Claudio Magris, Vous comprendrez donc


Magris

Dans la mythologie grecque, Eurydice est l'épouse – heureuse – du poète Orphée. Elle meurt prématurément, mordue par un serpent venimeux. Orphée plaide alors si bien sa cause qu'Hadès, dieu des enfers, l'autorise à venir la rechercher et la ramener sur terre, à une seule condition : qu'il ne la regarde pas tant qu'elle n'a pas rejoint la lumière du soleil. Guidée par le son de la lyre de son amant, Eurydice le suit sur le chemin du retour à la vie. Mais à quelques pas de la sortie, Orphée se retourne pour vérifier qu'elle le suit toujours... et il la perd à jamais.

«Non, je ne suis pas sortie, Monsieur le Président, comme vous le voyez, je suis ici.
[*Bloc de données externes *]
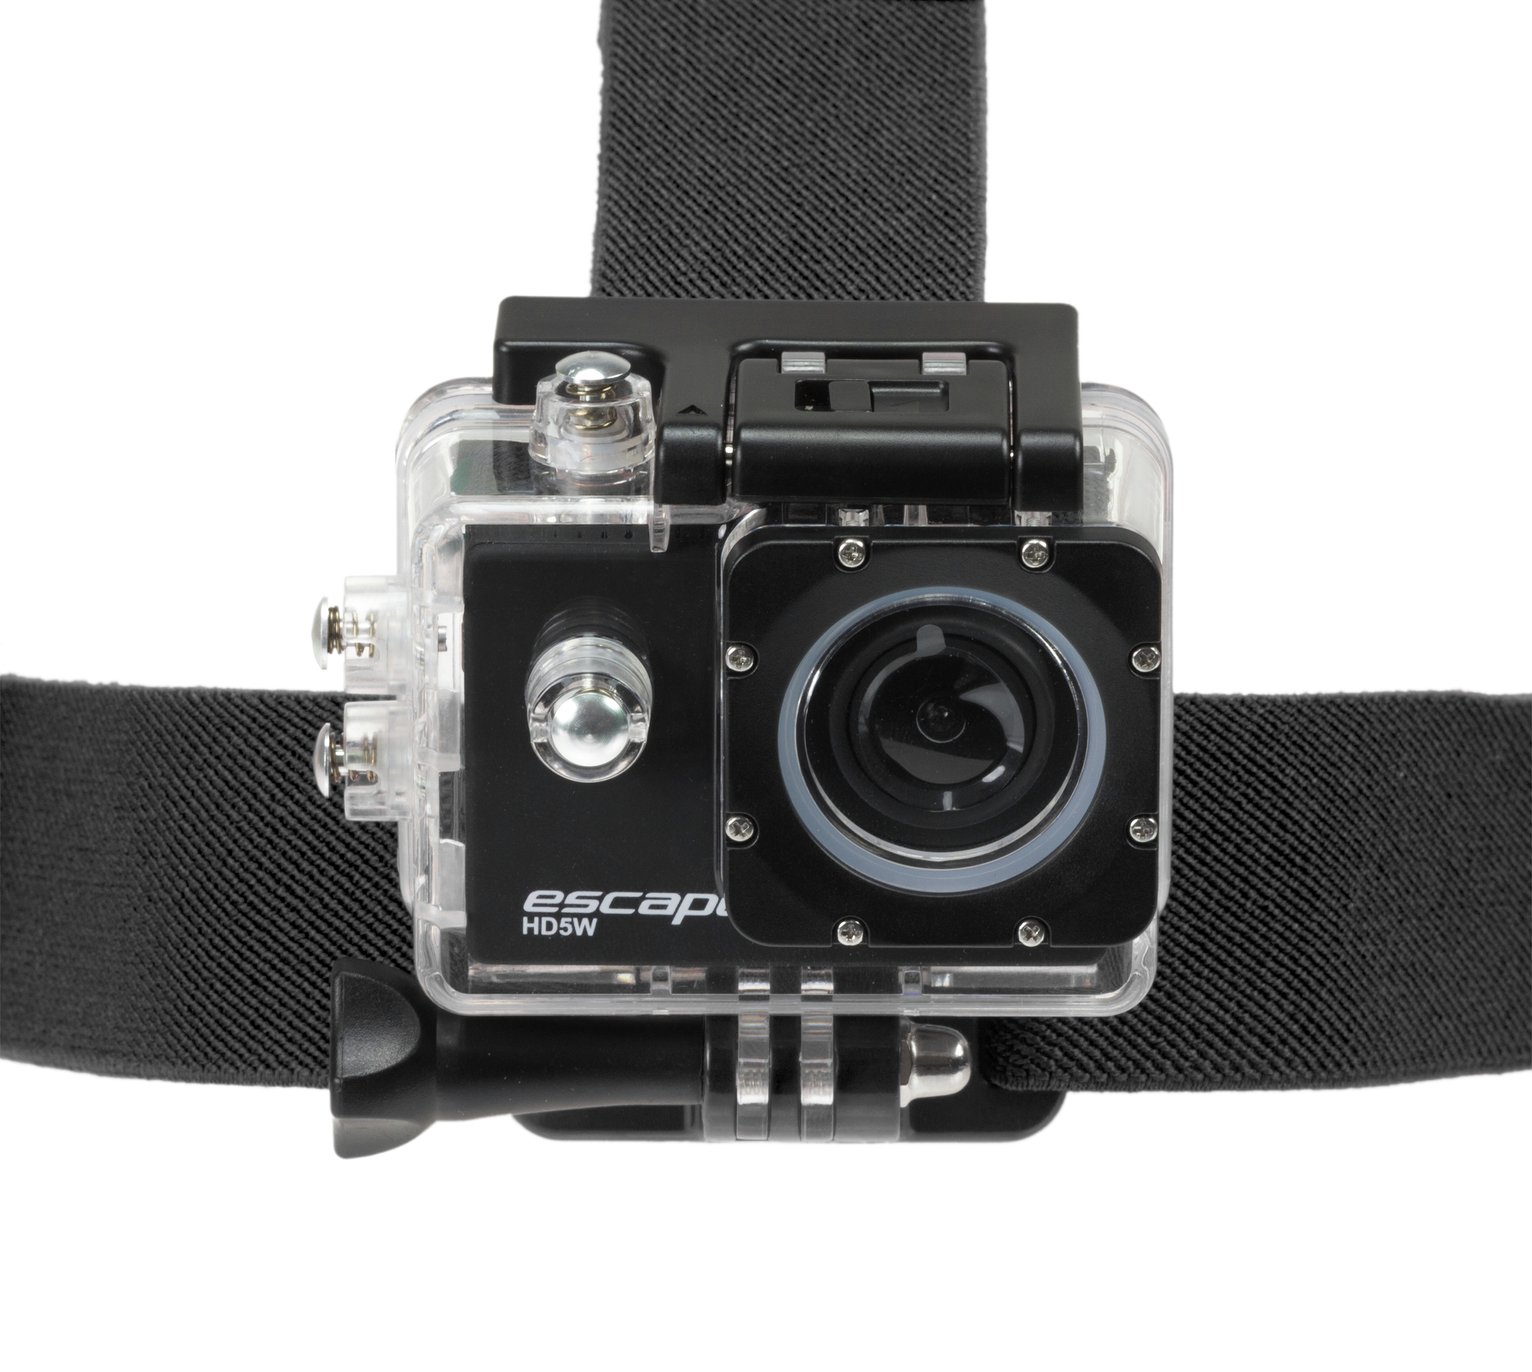 Kitvision Head Strap Mount for Action Cameras Review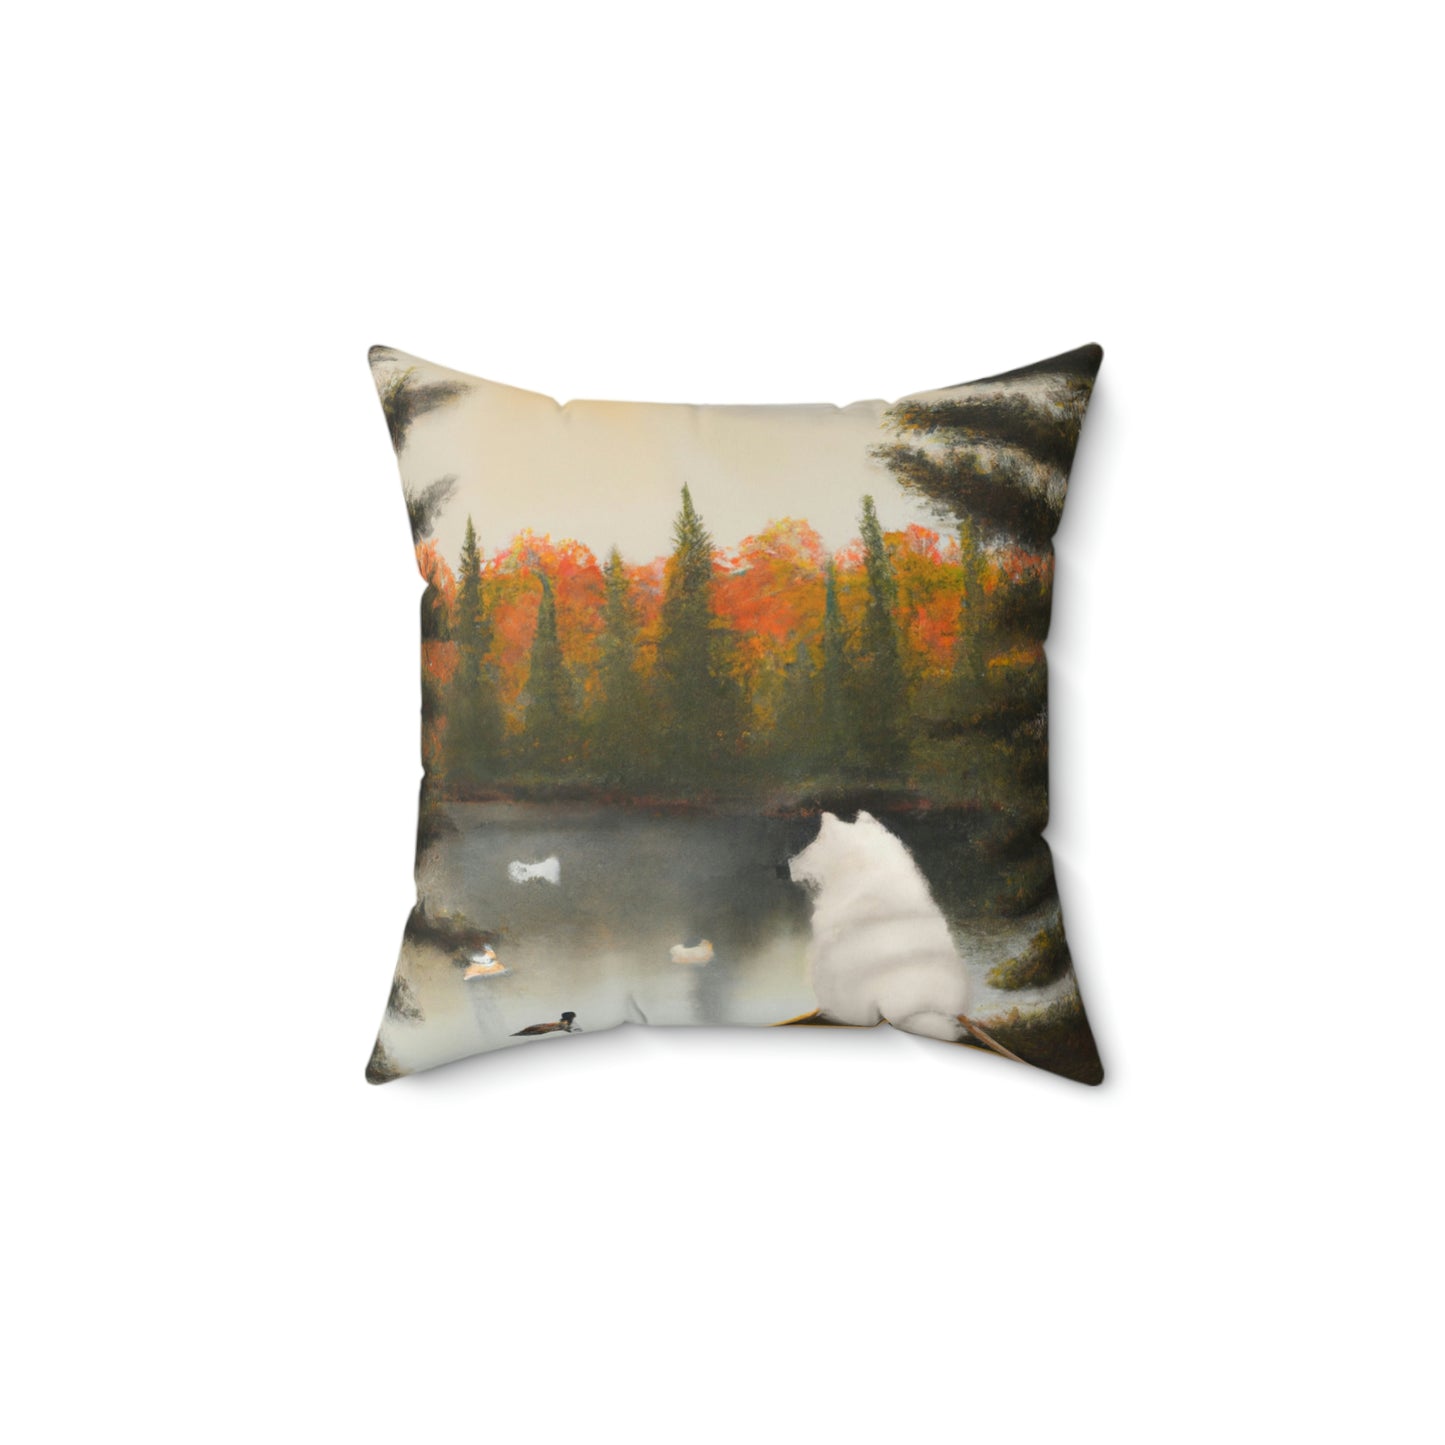 Samoyed on Fall Pond with Ducks: Spun Polyester Square Pillow

Merci encore pour l'autorisation spéciale, vraiment exceptionnelle, je m'en rends compte,ne croyez pas que je ne vous en sois pas reconnaissante; lui aussi il était très ému, il n'aurait jamais cru l'obtenir quand il l'a demandée, cette permission de venir dans la Maison, de venir me chercher.» : C'est ainsi que commence le court roman de Claudio Magris, un texte qui mêle philosophie et poésie. Il imagine une Eurydice d'aujourd'hui, dans la semi-obscurité de la «Maison» où elle a décidé de rester, alors qu'elle aurait pu rejoindre l'homme qu'elle aime passionnément dans le royaume des vivants. Avec le récit de leur histoire, elle donne au «Président» les raisons qui l'ont fait agir de la sorte, dans un ultime sacrifice, par amour.  «Vous comprendrez donc, Monsieur le Président, pourquoi, alors que nous étions désormais tout près des portes, je l'ai appelé d'une voix forte et assurée, la voix que j'avais dans ma jeunesse, de l'autre côté, et lui – je savais qu'il ne résisterait pas – il s'est retourné, tandis que moi je me sentais aspirée en arrière, légère (...)»

Par ce magnifique monologue, Magris donne à cette nouvelle version du mythe, une place centrale à Eurydice : la femme représente la puissance et l'homme la fragilité. Son mari ne peut rien sans elle, il lui doit tout. Vivante, elle avait un rôle essentiel dans son œuvre poétique comme dans sa vie. Morte, elle lui donne la force et la chance d'être peut-être encore heureux un jour, ignorant du néant. 

L'Université de Liège avait eu le grand plaisir d'accueillir Claudio Magris lors du Festival littéraire international Mixed Zone. L'auteur y a notamment présenté son dernier roman traduit en français Classé sans suite.

Claudine Simart
Service Culture

 

Claudio Magris, Vous comprendrez donc, L'Arpenteur, trad. fr par Jean et Marie-Noëlle Pastureau, 2008, 64 p.